-- EXERCISE OBJECTIVE --
Type each record below again, with the same words.

-------------------------

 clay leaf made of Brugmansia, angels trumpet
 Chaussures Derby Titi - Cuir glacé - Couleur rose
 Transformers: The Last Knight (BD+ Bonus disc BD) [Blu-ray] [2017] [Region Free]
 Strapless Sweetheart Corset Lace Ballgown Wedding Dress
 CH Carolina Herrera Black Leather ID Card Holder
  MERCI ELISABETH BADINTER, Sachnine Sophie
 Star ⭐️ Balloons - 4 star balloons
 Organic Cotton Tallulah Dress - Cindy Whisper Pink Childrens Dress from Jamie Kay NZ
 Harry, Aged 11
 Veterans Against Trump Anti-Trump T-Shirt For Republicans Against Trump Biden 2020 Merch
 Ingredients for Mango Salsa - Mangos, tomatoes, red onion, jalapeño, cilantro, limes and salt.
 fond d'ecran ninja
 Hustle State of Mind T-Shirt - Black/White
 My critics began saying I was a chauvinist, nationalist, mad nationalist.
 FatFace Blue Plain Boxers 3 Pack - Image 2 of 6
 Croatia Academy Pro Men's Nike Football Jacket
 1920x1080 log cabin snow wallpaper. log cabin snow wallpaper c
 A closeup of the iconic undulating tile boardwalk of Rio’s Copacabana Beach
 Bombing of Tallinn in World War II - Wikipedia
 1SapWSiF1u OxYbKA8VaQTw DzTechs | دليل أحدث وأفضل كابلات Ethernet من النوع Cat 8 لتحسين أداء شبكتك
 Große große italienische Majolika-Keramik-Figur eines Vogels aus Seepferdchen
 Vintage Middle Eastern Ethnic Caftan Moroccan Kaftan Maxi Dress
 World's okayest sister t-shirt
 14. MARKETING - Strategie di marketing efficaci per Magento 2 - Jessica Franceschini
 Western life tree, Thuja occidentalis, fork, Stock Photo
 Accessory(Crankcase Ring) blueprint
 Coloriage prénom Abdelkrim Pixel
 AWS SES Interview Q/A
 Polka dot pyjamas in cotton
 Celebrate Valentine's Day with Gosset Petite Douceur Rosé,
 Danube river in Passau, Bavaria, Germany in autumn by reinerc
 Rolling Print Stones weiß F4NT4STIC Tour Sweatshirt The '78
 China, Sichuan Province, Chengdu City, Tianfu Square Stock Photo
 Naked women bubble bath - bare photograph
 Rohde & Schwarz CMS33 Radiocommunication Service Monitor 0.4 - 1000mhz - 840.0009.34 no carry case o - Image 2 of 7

-------------------------

-- RESULT --
 clay leaf made of Brugmansia, angels trumpet
 Chaussures Derby Titi - Cuir glacé - Couleur rose
 Transformers: The Last Knight (BD+ Bonus disc BD) [Blu-ray] [2017] [Region Free]
 Strapless Sweetheart Corset Lace Ballgown Wedding Dress
 CH Carolina Herrera Black Leather ID Card Holder
  MERCI ELISABETH BADINTER, Sachnine Sophie
 Star ⭐️ Balloons - 4 star balloons
 Organic Cotton Tallulah Dress - Cindy Whisper Pink Childrens Dress from Jamie Kay NZ
 Harry, Aged 11
 Veterans Against Trump Anti-Trump T-Shirt For Republicans Against Trump Biden 2020 Merch
 Ingredients for Mango Salsa - Mangos, tomatoes, red onion, jalapeño, cilantro, limes and salt.
 fond d'ecran ninja
 Hustle State of Mind T-Shirt - Black/White
 My critics began saying I was a chauvinist, nationalist, mad nationalist.
 FatFace Blue Plain Boxers 3 Pack - Image 2 of 6
 Croatia Academy Pro Men's Nike Football Jacket
 1920x1080 log cabin snow wallpaper. log cabin snow wallpaper c
 A closeup of the iconic undulating tile boardwalk of Rio’s Copacabana Beach
 Bombing of Tallinn in World War II - Wikipedia
 1SapWSiF1u OxYbKA8VaQTw DzTechs | دليل أحدث وأفضل كابلات Ethernet من النوع Cat 8 لتحسين أداء شبكتك
 Große große italienische Majolika-Keramik-Figur eines Vogels aus Seepferdchen
 Vintage Middle Eastern Ethnic Caftan Moroccan Kaftan Maxi Dress
 World's okayest sister t-shirt
 14. MARKETING - Strategie di marketing efficaci per Magento 2 - Jessica Franceschini
 Western life tree, Thuja occidentalis, fork, Stock Photo
 Accessory(Crankcase Ring) blueprint
 Coloriage prénom Abdelkrim Pixel
 AWS SES Interview Q/A
 Polka dot pyjamas in cotton
 Celebrate Valentine's Day with Gosset Petite Douceur Rosé,
 Danube river in Passau, Bavaria, Germany in autumn by reinerc
 Rolling Print Stones weiß F4NT4STIC Tour Sweatshirt The '78
 China, Sichuan Province, Chengdu City, Tianfu Square Stock Photo
 Naked women bubble bath - bare photograph
 Rohde & Schwarz CMS33 Radiocommunication Service Monitor 0.4 - 1000mhz - 840.0009.34 no carry case o - Image 2 of 7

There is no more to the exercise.